Todavia, pode servir de parâmetro para o planejamento de

outros temas com tais potencialidades para a EJA. Aí reside

uma das relevâncias de nosso intento.

IV. Aprendizagem significante (Rogers)

A aprendizagem significante é um dos dez princípios

apresentados por Carl Rogers (1973), quando se pensa em

processo de ensino escolar centrado no aluno. Esse princípio

tem como base o pressuposto de que "uma pessoa só aprende

significativamente aquelas coisas que percebe implicarem na

manutenção ou na elevação de si mesma" (p. 154). Dito de

outra forma, se uma pessoa não necessita ou não percebe

necessitar daquela matéria que é ensinada, não ocorrerá

aprendizagem funcional daquilo que está sendo ensinado, mas

apenas um tipo de aprendizagem infrutífera, por exemplo,

relacionada a como passar nas provas. De acordo com Rogers

(1973), "se o aprendiz percebe que o assunto se relaciona com

os seus objetivos pessoais", a aprendizagem significante

ocorrerá de forma mais breve e facilitada.

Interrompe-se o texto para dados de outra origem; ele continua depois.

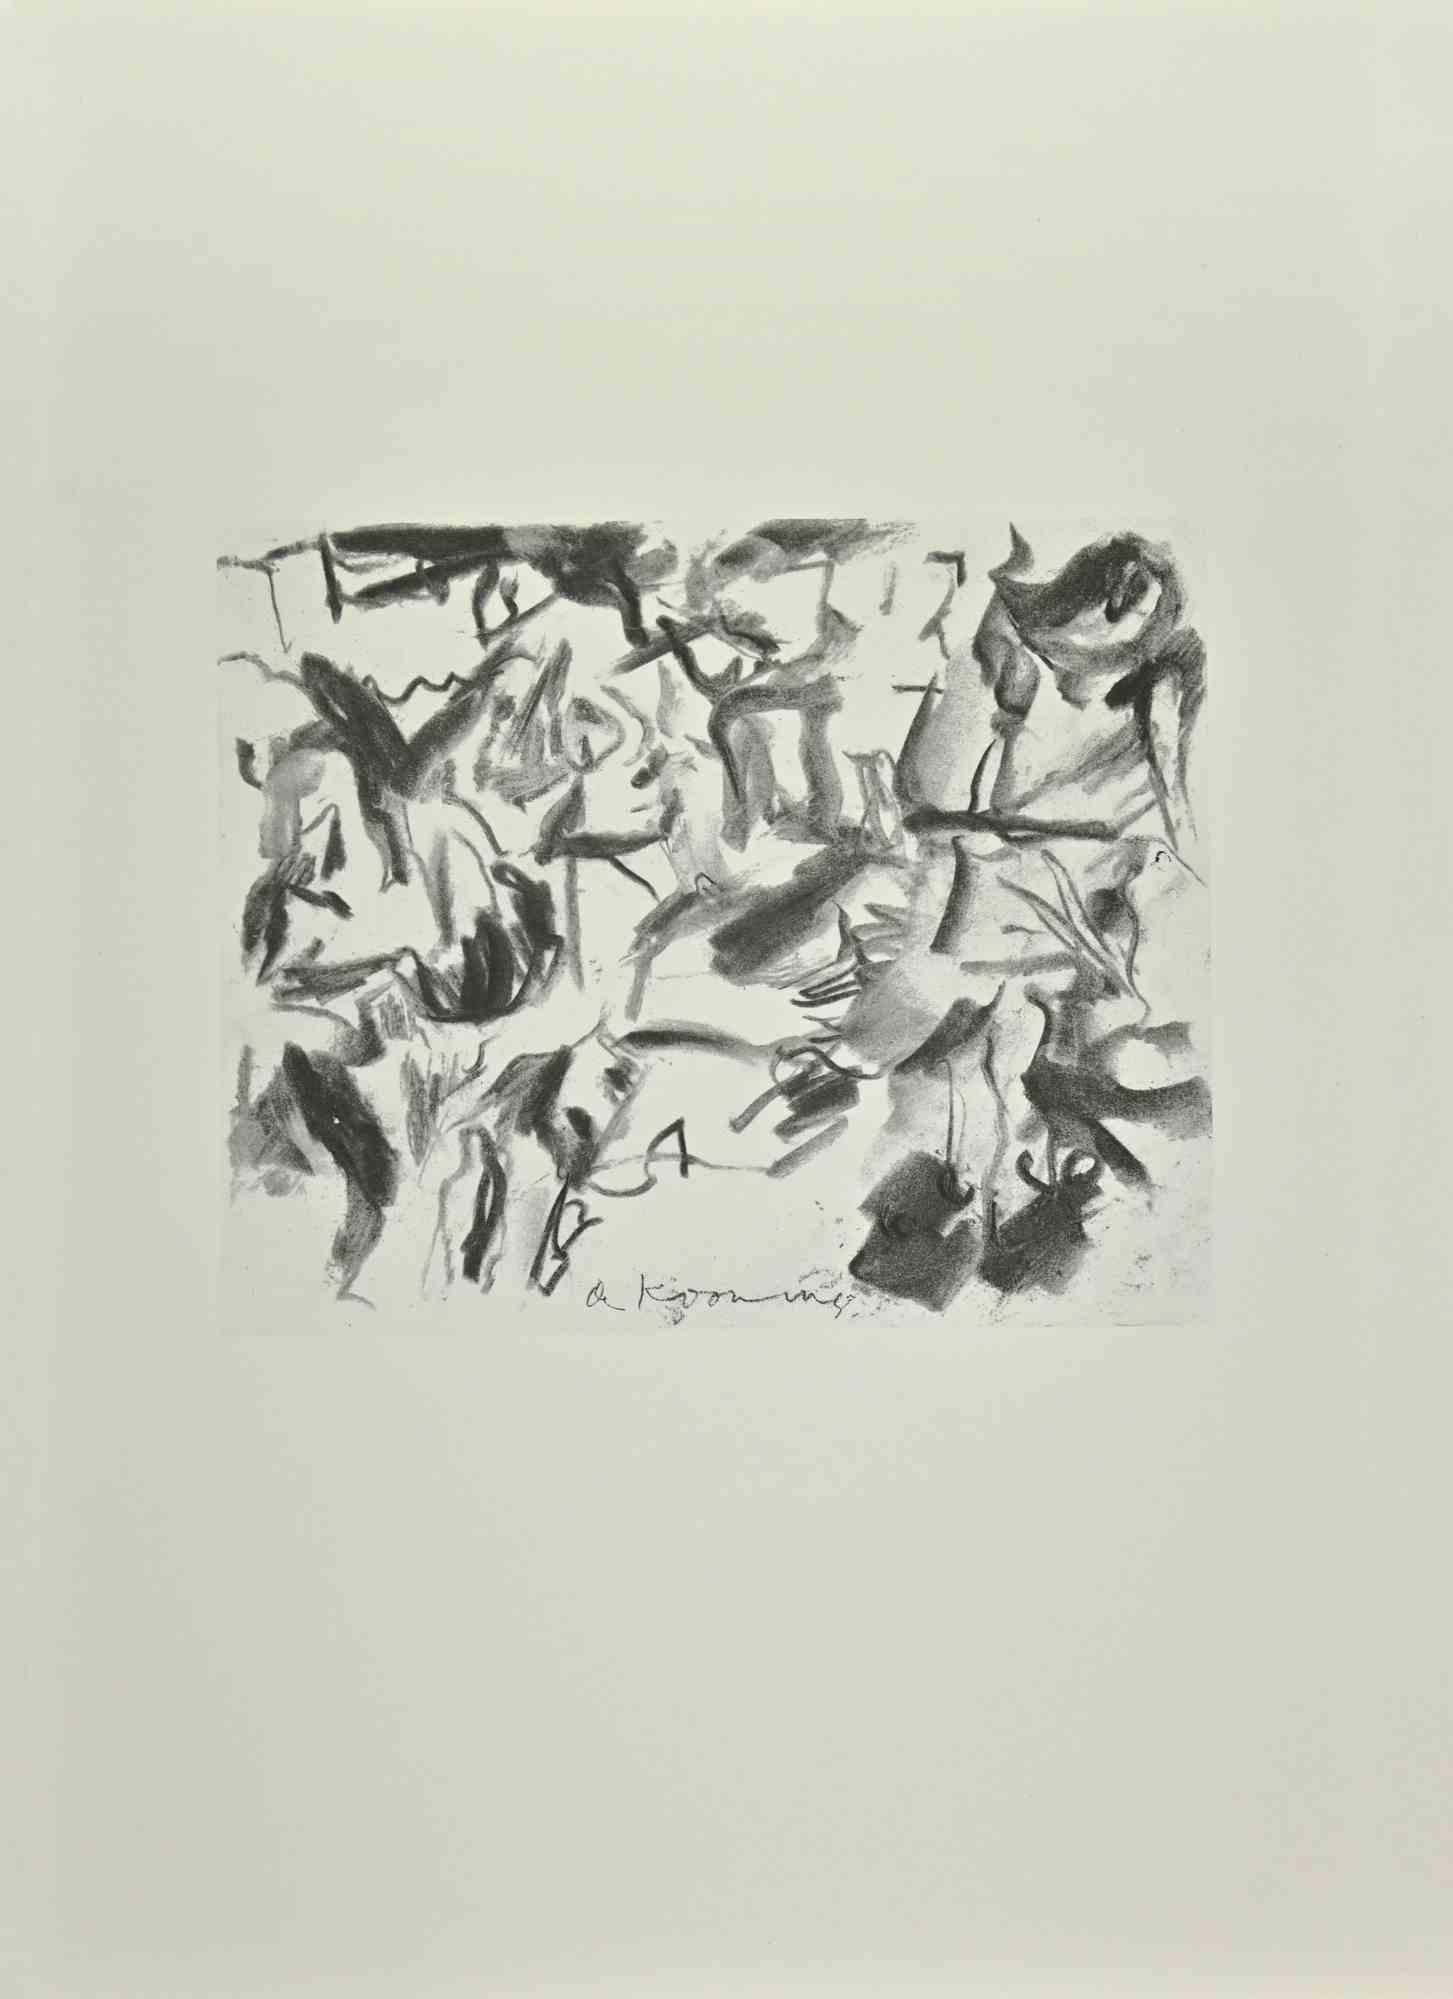 Willem de Kooning Abstract Print - Untitled - Offset and Lithograph after Willem De Kooning - 1985

V. Aprendizagem significativa (Ausubel)

Aprendizagem significativa e significante apresentam

concepções diferentes. A primeira tem bases no cognitivismo. A

segunda, no humanismo ou, mais especificamente, na

psicologia centrada na pessoa. Ao comentar sobre ambas,

Moreira (2011, p.140) diz que "a qualificação 'significativa' [da

teoria ausubeliana] vem do significado cognitivo que emerge na

interação entre a nova informação e o conceito subsunçor

especificamente relevante". Moreira complementa a

diferenciação, dizendo que na aprendizagem de Rogers "o

'significante' se refere muito mais à significação pessoal, i. e.,

significado para a pessoa".

Para Ausubel, a aprendizagem significativa ocorre

somente quando uma nova informação encontra ancoragem na

estrutura cognitiva do aprendiz. Portanto, nessa estrutura

cognitiva já deve existir conhecimento prévio específico que

permita essa ancoragem. Quando isso ocorre, a própria

estrutura cognitiva (o conhecimento que o aprendiz já possuía)

é alterada.

Nas palavras de Ausubel, Novak e Hanesian (1980, p.

522), aprendizagem significativa refere-se à "aquisição de

novos significados; pressupõe uma disposição para a

aprendizagem significativa e uma tarefa de aprendizagem

potencialmente significativa (isto é, uma tarefa que pode ser

relacionada de modo não arbitrário e substancial àquilo que o

aprendiz já conhece".

Entendemos que trabalhar sobre plantas medicinais com

alunos da EJA, oriundos em sua maioria do campo, apresenta

características que potencializam os dois tipos de aprendizagem

acima, que acabam se completando: uma mais centrada na

pessoa (humanista rogeriana) e outra no conhecimento

(cognitivista ausubeliana). Entre outras, estas são duas das

caracteristicas potenciais e de partida que podemos mencionar:

i) o tema apresenta significação pessoal e familiar; ii) os alunos

já apresentam seus próprios conhecimentos sobre o tema.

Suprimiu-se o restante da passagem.